16 chicken thighs, with bones and skin
salt and freshly ground white pepper
2 tablespoons good quality olive oil
1 large onion, finely chopped
2 large ribs of celery, finely chopped
2 large carrots, finely chopped
2 cloves garlic, minced
3 tablespoons all-purpose flour
¾ cup dry white wine
¼ cup good quality white wine vinegar or rice wine vinegar
2 tablespoons granulated sugar
2 cups defatted chicken broth
1 bay leaf
½ cup golden raisins
¼ cup pine nuts
¼ cup capers

Garnish: Freshly chopped Italian parsley

1. Preheat an outdoor grill or indoor broiler to high. Lightly coat a roasting pan with olive oil nonstick cooking spray.
2. Place the chicken thighs in the pan, season with the salt and pepper, lightly coat with the olive oil spray, and grill or broil for 5 minutes, or until golden. Remove excess fat from pan, turn, season with the salt and pepper, lightly coat the chicken with spray, and continue to grill for an additional 4-5 minutes, or until golden on all sides. Remove the chicken from the pan to a plate and set aside and keep warm. (If you have a fat separator, you can put any extra juices in the pitcher and pour off all the good juices while discarding excess fat).
3. In a large non-stick Dutch oven or deep saucepan, heat the olive oil and sauté the onions, celery, and carrots over medium heat for 10 minutes, or until just softened, stirring often. Add the garlic and stir for 30 seconds to combine.

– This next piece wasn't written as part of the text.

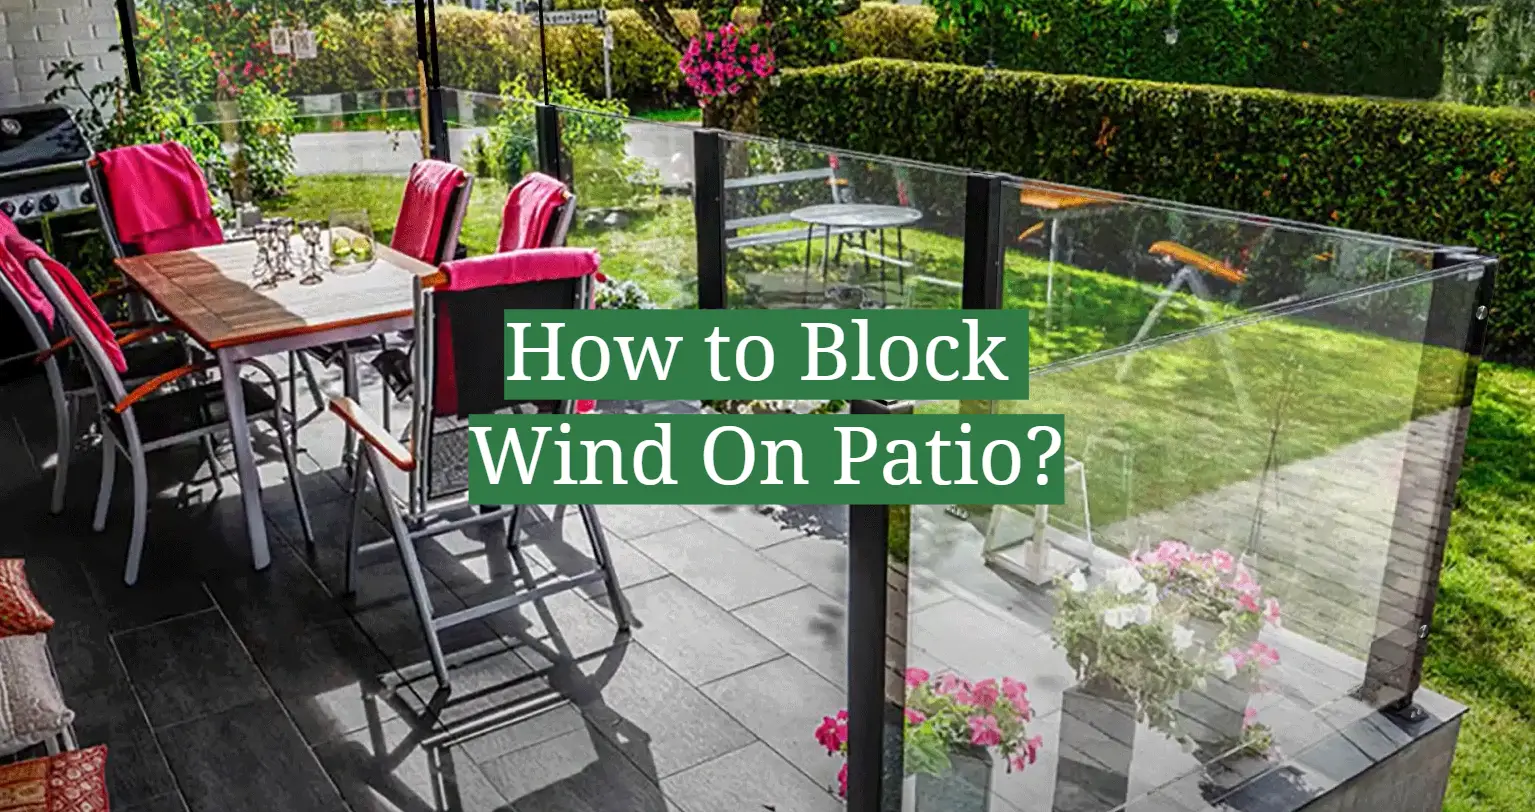 How to Block Wind On Patio?

4. Add the flour and stir over medium heat until smooth.
5. Increase the heat to high and add the wine, vinegar, and sugar and allow the mixture to boil for a minute or two until almost evaporated. Add the broth and the bay leaf and then the reserved chicken pieces. Bring to a boil, reduce heat, and simmer slowly for 30 minutes, stirring occasionally.
6. Add the remaining ingredients, stir well, bring to a boil, and simmer slowly for an additional 5 minutes.
7. Serve the chicken hot over spaetzle, couscous, or rice garnished with the chopped parsley.
Preparation in Advance:
• This dish is best prepared a day in advance and chilled. The next day, the fat can easily be removed.